▶ AVAILABLE DATA:
○ ○ ○ ○ ○
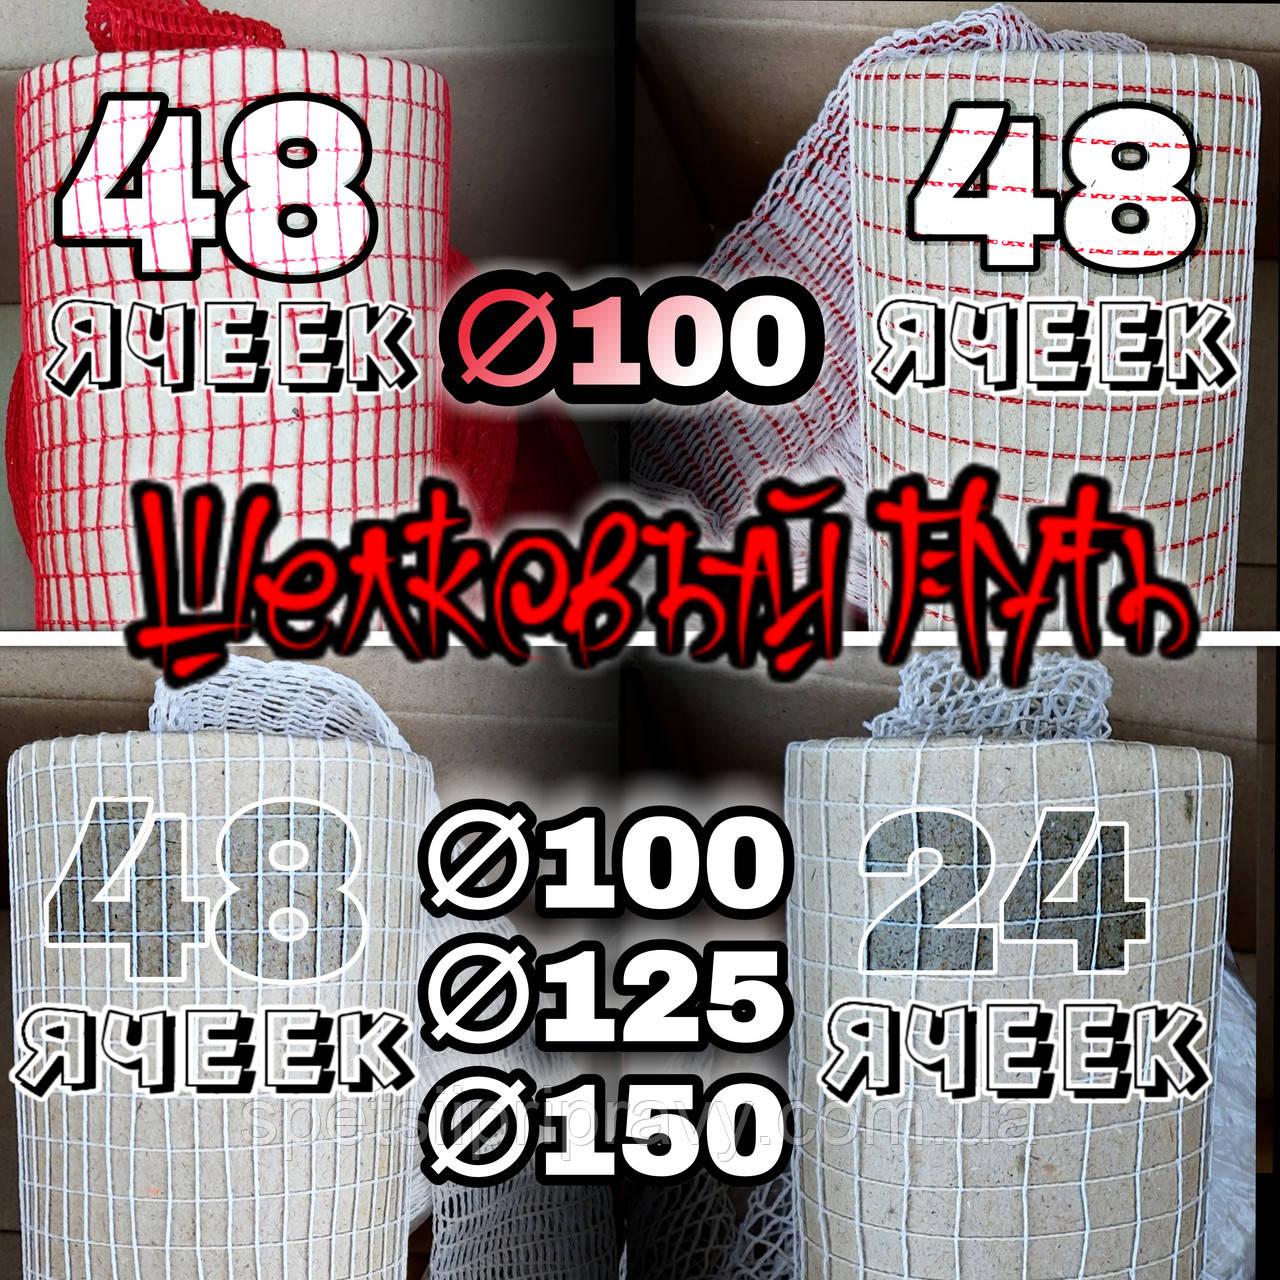 Сетка эластичная для мяса 10м, ∅100/48 ячейки, красная
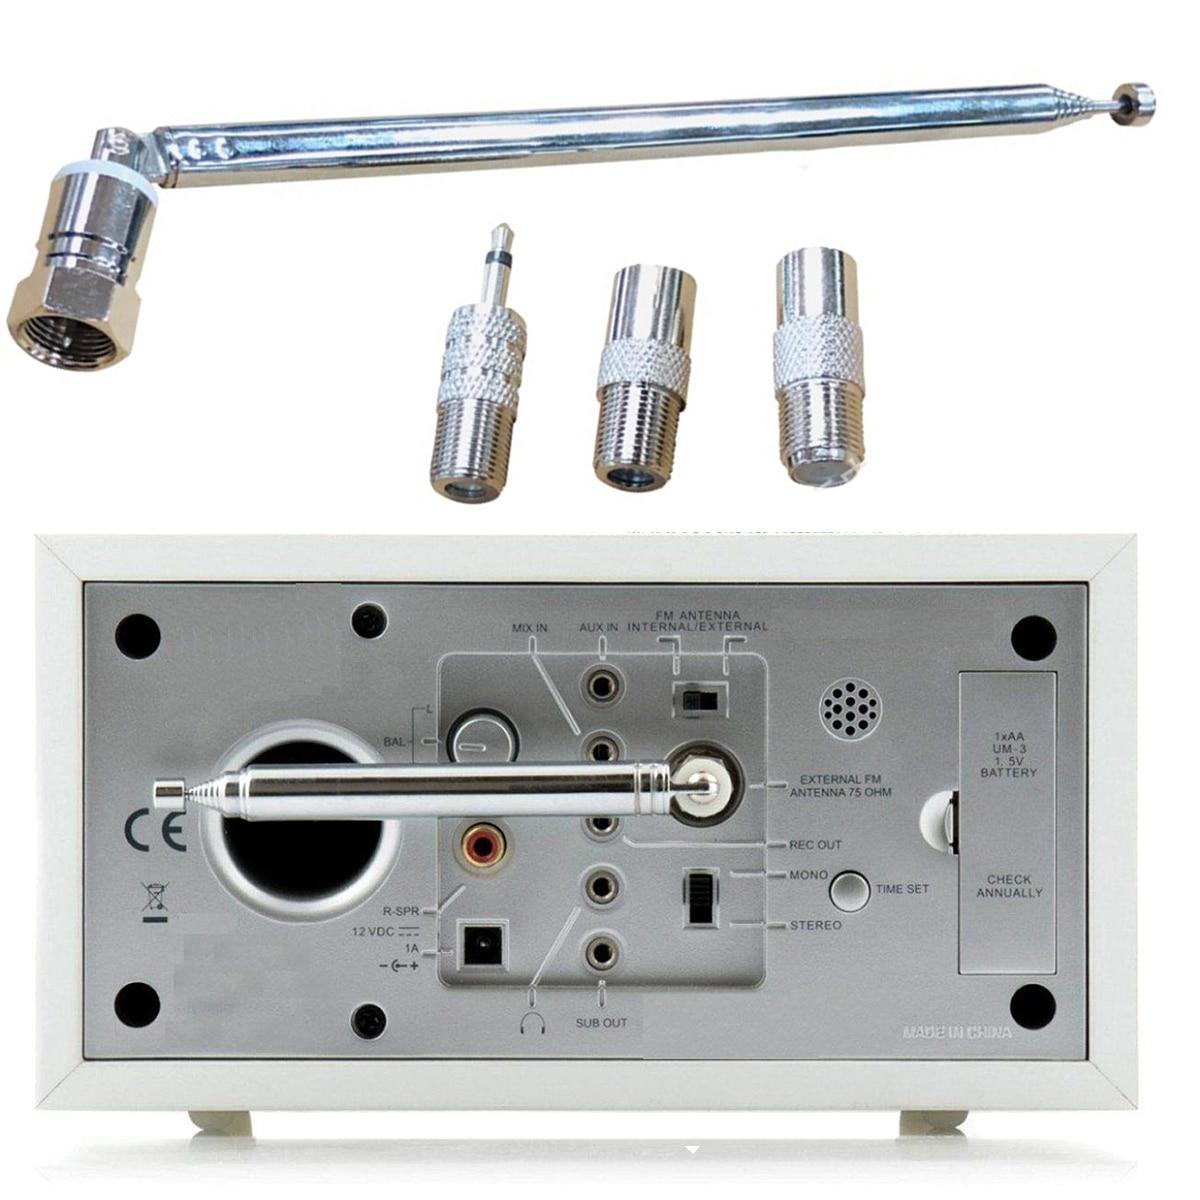 SOONHUA 4pcs/set FM Radio Antenna 75 Ohm Radio Antenna F Type Male Telescopic Antennas With Adapter
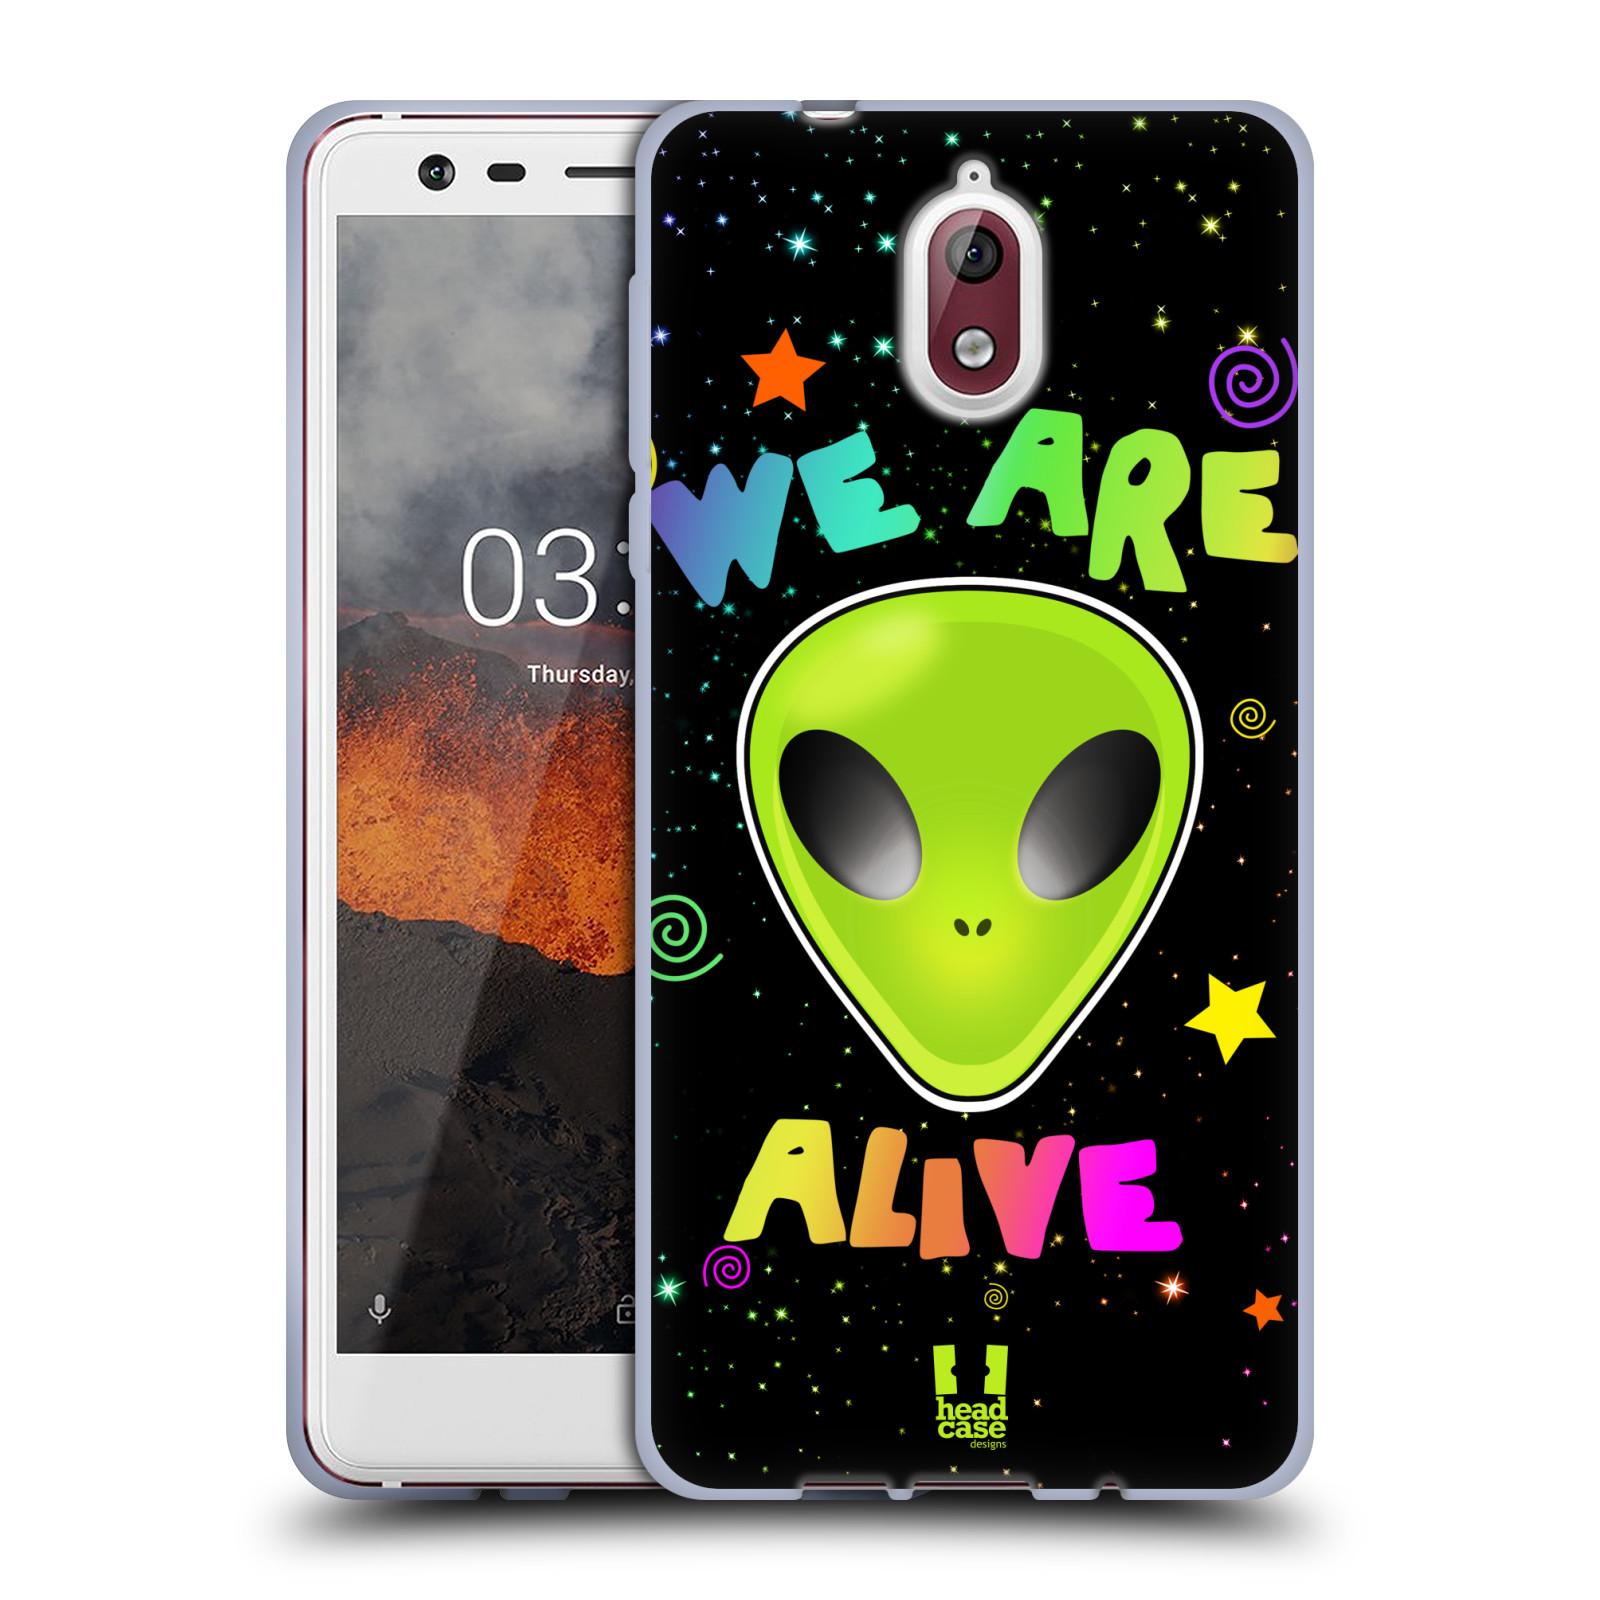 Silikonové pouzdro na mobil Nokia 3.1 - Head Case - ALIENS ALIVE
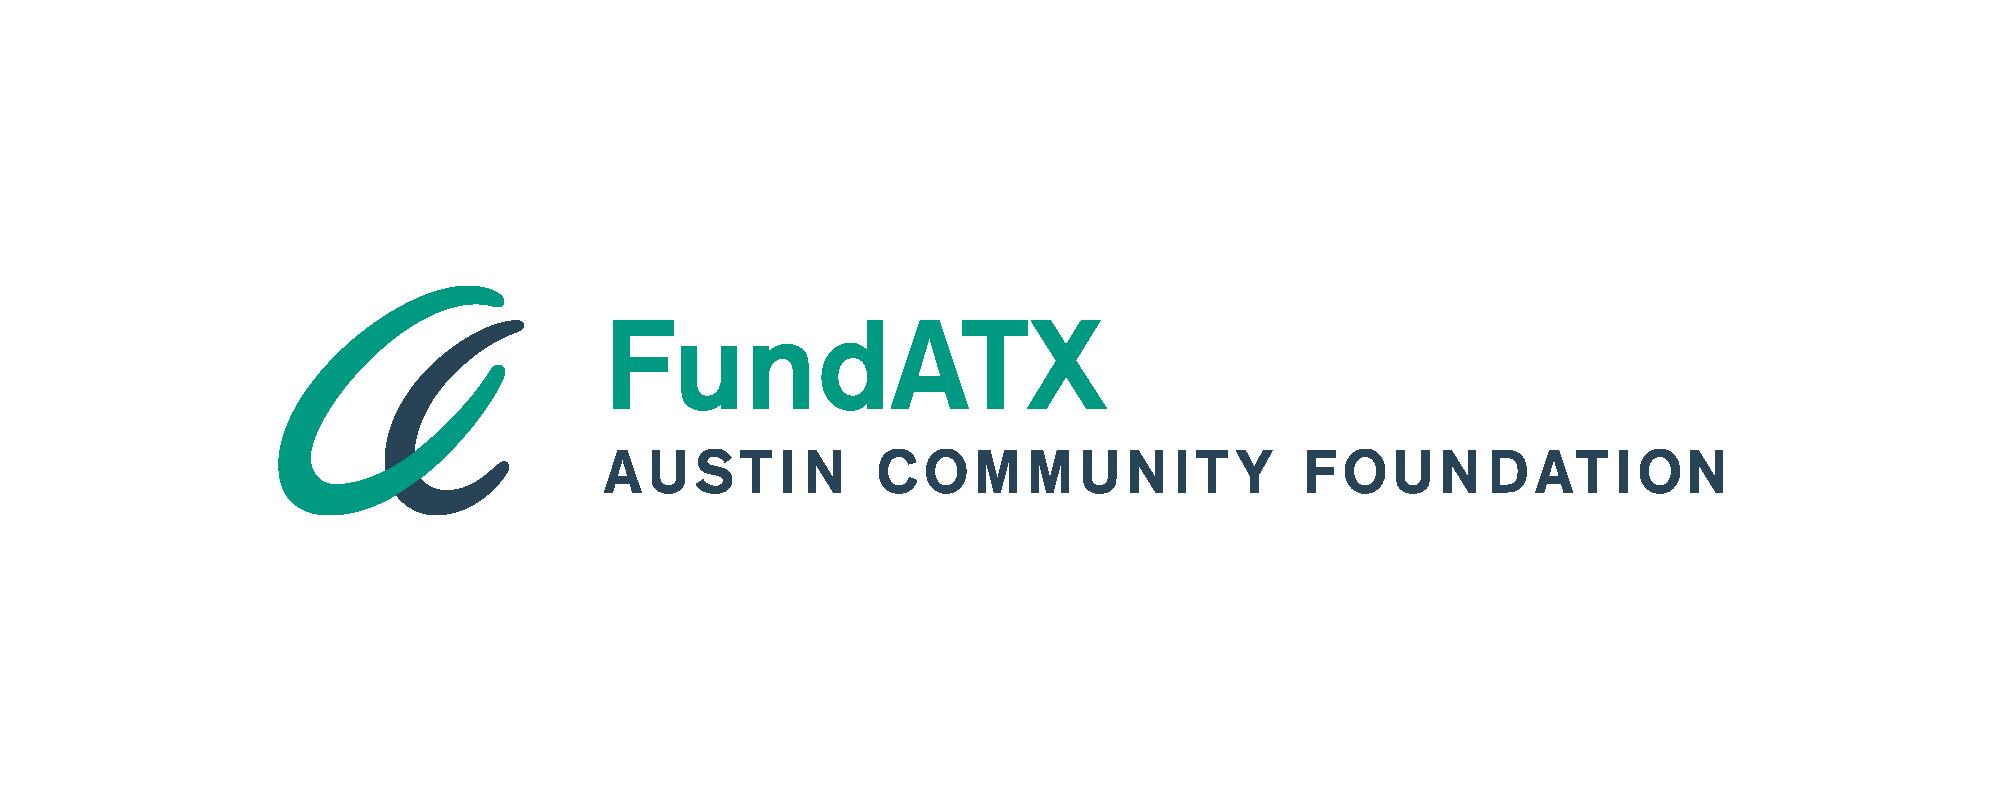 funatx-logo.png
○ ○ ○ ○ ○
▶ INSTRUCTIONS TO FOLLOW:
Pictures aside, return all of the material exactly as written.

▶ EXERCISE RESPONSE:
 Сетка эластичная для мяса 10м, ∅100/48 ячейки, красная
 SOONHUA 4pcs/set FM Radio Antenna 75 Ohm Radio Antenna F Type Male Telescopic Antennas With Adapter
 Silikonové pouzdro na mobil Nokia 3.1 - Head Case - ALIENS ALIVE
 funatx-logo.png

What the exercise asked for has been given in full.